The only way to know the truth is to find it our yourself. So I took 3 days to read the original whitepaper by satoshi. Though confusing at first, the technology was sound and I was convinced that this technology is there to stay and there is terrific chance to build on top on it. I started building small projects and started looking into the protocol internals like block format, how transactions are serialized/structures for efficient indexing.
By April 2014, I had built a small tool for visualizing bitcoin transactions and was able to index and process large amount of blockchain data to form clustersFirst version of Blockonomics — Blockchain visualization
However, quite soon I realized there wasn’t much of a market for this and by December 2014 we changed the UI to an address/wallet watcher that gave email notifications. This was also a solution of my own personal difficulties of managing several wallets. We launched on bitcointalk officially in Dec, 2014
We were getting constant feedback of features from the community. We chugged along slowly for next few years as I was doing part time jobs/freelancing to support myself. By 2017, we had 5000 registered users. However, our revenue was still only a few hundred dollars a month. In 2018, we look at the other direct to wallet platforms like coinsimple, mycelium gear, and decided to introduce merchant processing. This helped us get a steady stream of monthly revenue.Coinsimple — Our predecessor got shut down in 2017
Coinsimple has since folded — My analysis is that they were too early to the market (Stage1) and didn’t have funds to slug it out. However, their efforts have helped other companies like us to understand the market. From 2018 winter, we can good number of merchants on platforms and things started taking off and we were able to hire employees. Things have been smooth from then on and we were also able to sponsor WordPress conference in Feb 2020. In summary two important things have helped me through the journey:
- My technical understand of bitcoin protocols and network helped me persist in the belief to continue working. This is despite large price crashes and various legal/functional obstacles in the bitcoin ecosystem.

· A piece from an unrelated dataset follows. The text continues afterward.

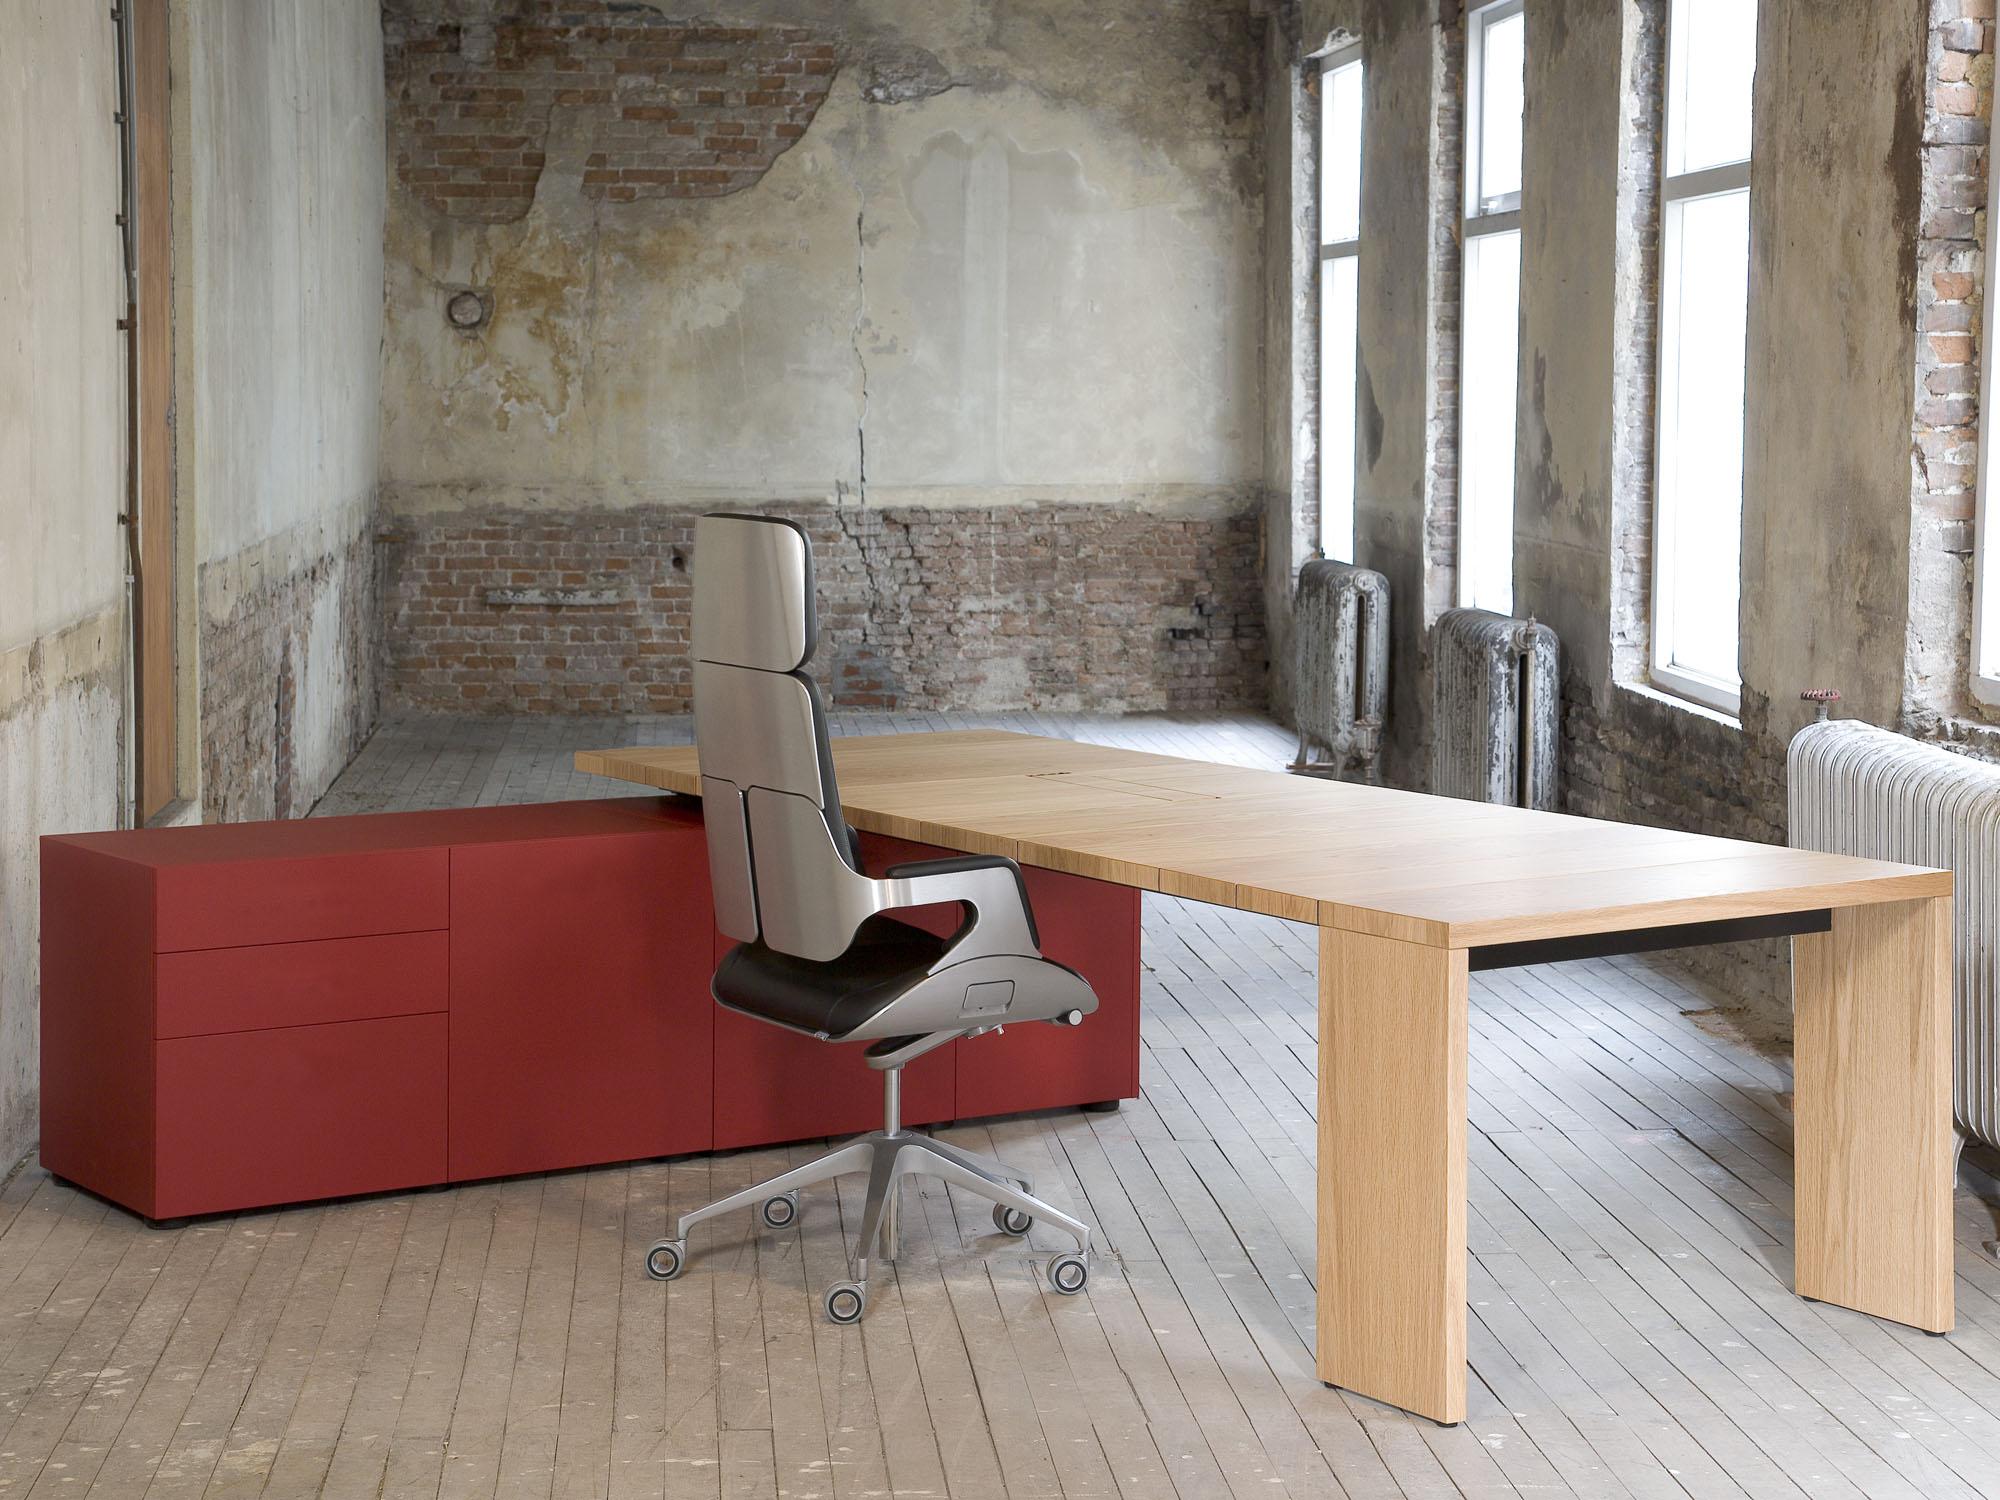 Castelijn directiemeubelen - bureau - bureaustoel Heering Office Den Haag 2

- We pivoted our product several times learning from customers and other startups in the space until we got the correct product market fit.
Innovate technologies in 2020 — Where are the opportunities?
There are several upcoming platforms that you are start building upon as a software developer. Development on Telegram Bots is really picking up. Doing e-commerce directly on whatsapp/chat is spawning a variety of applications/use cases. Building apps for open source platforms that are gaining traction is also a very good strategy. Mattermost is an open source, self-hosted Slack-alternative that requires app integrations.
In summary, there are several instances of independent software developers that have bootstrapped their way to success by building upon innovative technology early. Learning from such examples and understanding the tech adoption curve makes the journey from engineering to entrepreneurship easier!